Поразмыслив, однако, уточнил:
— И все-таки Нине Семеновне я верю. Бзик, чертовщинка какая-то завелась в ней последнее время, это верно. Этакой задирой стала. И может, она того, поозорничать, подшутить решила, чтобы расшевелить тебя, увальня?.. А может, просто случайно оказались рядом, ну, с этим… Что из этого? Возьми-ка эти соображения в расчет. Иначе, если по-другому думать будешь, — неизвестно, чем кончишь. Я ведь знаю, что она для тебя значит.
— Я старался думать так же, как советуешь. Только что-то не легчает.
— Гони, гони от себя дурные мысли. Нет у тебя причин плохо думать о Нине. Ведь если такие, как она, начнут хвостом крутить, куда мы подадимся?
Озеров вымученно улыбнулся. Фомич же продолжал:
— Но, конечно, когда вернется, слюни не распускай, мужиком будь. Разговор должен быть крутой, без всяких там извините да пожалуйста. Виновата — пусть повинится, не виновата — пусть объяснит. Мало я знаю этого хлыща, Звонова-то, но помню его, когда в районе-то вирши плел. Пустышка был. А теперь видишь как поднялся. Будто на дрожжах. Ну, а бабы, они все падкие на мишуру.

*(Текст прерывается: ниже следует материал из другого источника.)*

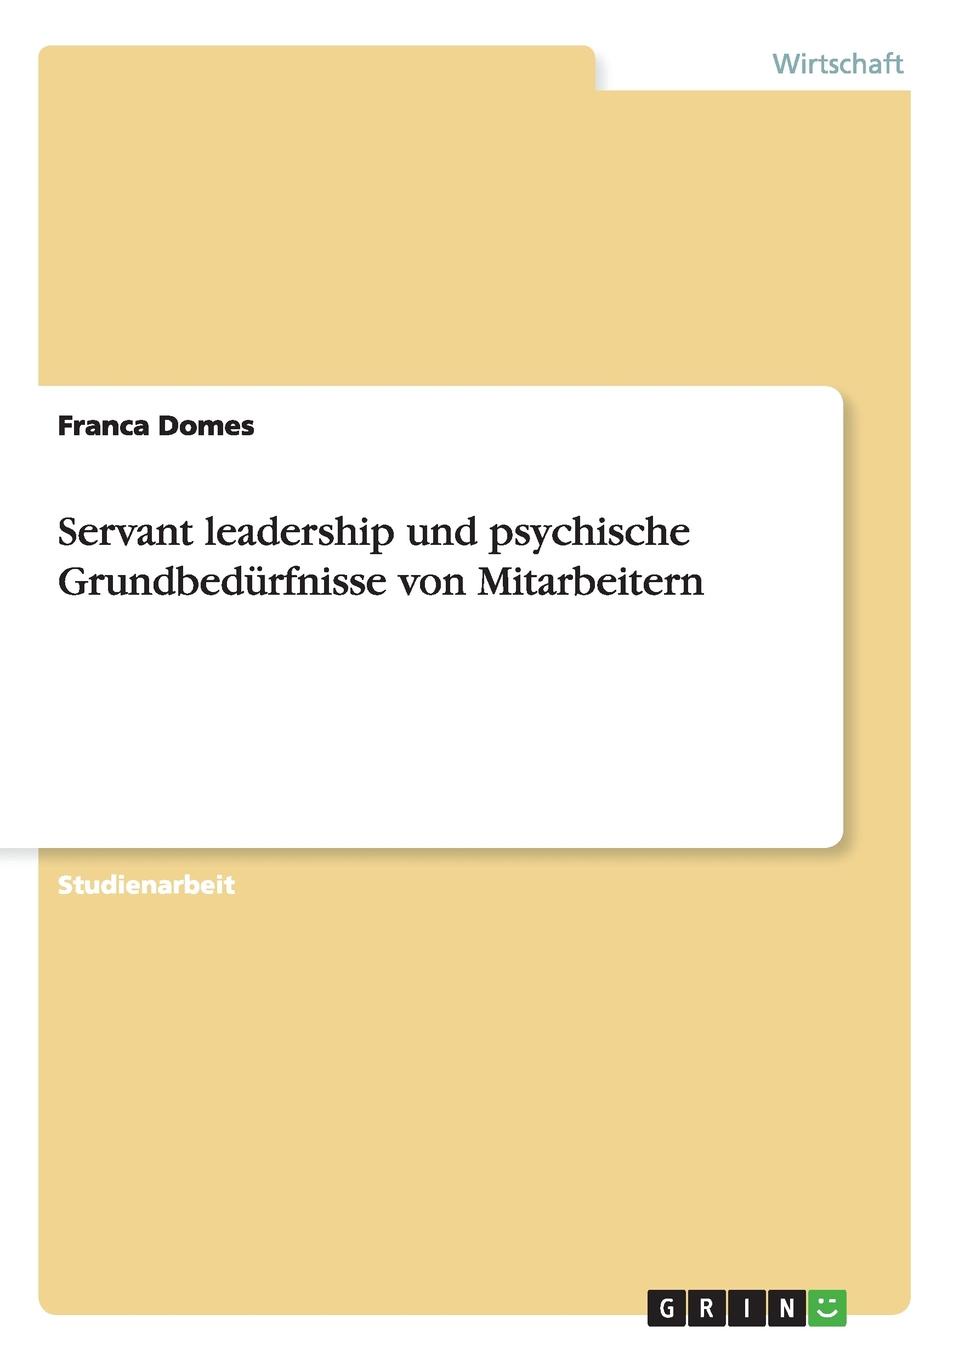 Franca Domes Servant leadership und psychische Grundbedurfnisse von Mitarbeitern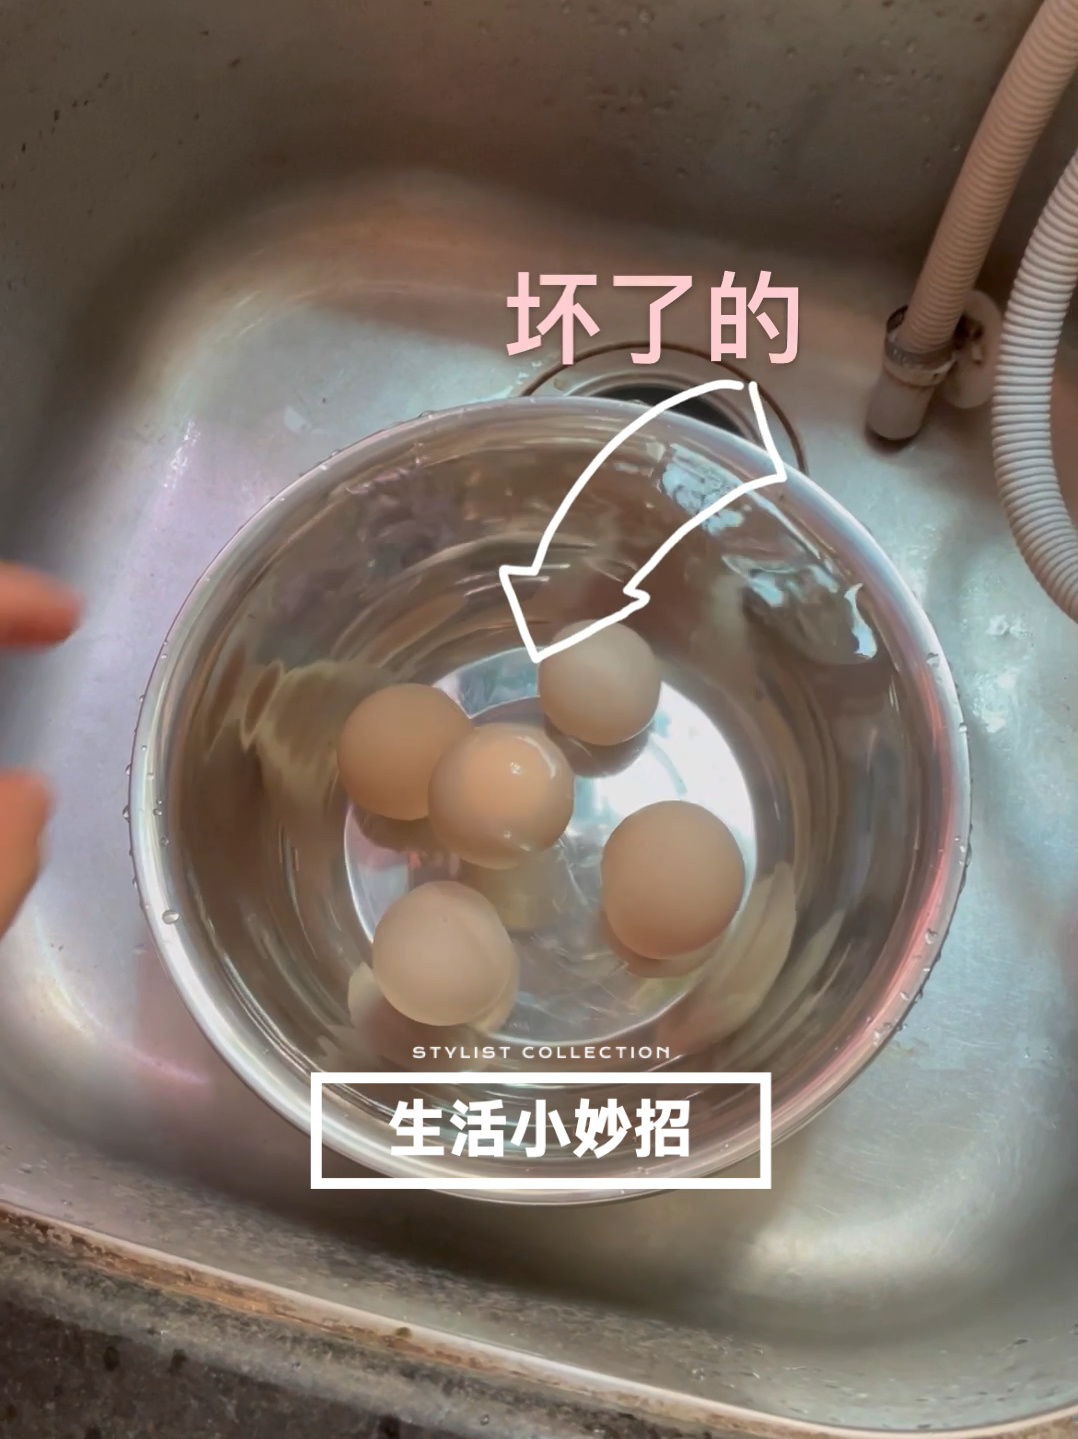 韭菜炒鸡蛋怎么做_韭菜炒鸡蛋的做法视频_豆果美食

— Что-то ты, Фомич, не в ладу с логикой. То так, то эдак.
— А ты с ней в ладу? Ребус-то не из легких. — И, помолчав, добавил: — Только не бей в колокола, не посмотрев в святцы. Нина Семеновна кривить душой да лгать не будет. Спроси напрямки. И не давайте пищу для пересудов. Деревенская молва, сам знаешь, из мухи слона сделает. Уж на что я увалень по этой части, думаю, святее римского папы, а и то мою старуху сплетни раза два из равновесия выводили. Однажды коромыслом меня отходила, другой раз кипятком чуть не ошпарила. А и грех-то мой весь заключался в том, что захаживал на молокозавод сливок попить. Любил, грешным делом, ими побаловаться. А на заводе Лидка Бекасова из Бугров работала. Ну кто-то и шушукнул, что, мол, Фомич не зря на молокозавод зачастил. Что было — всего и не расскажешь. В общем и целом, отбила у меня моя ведьма весь аппетит к этому напитку. Теперь в рот не беру.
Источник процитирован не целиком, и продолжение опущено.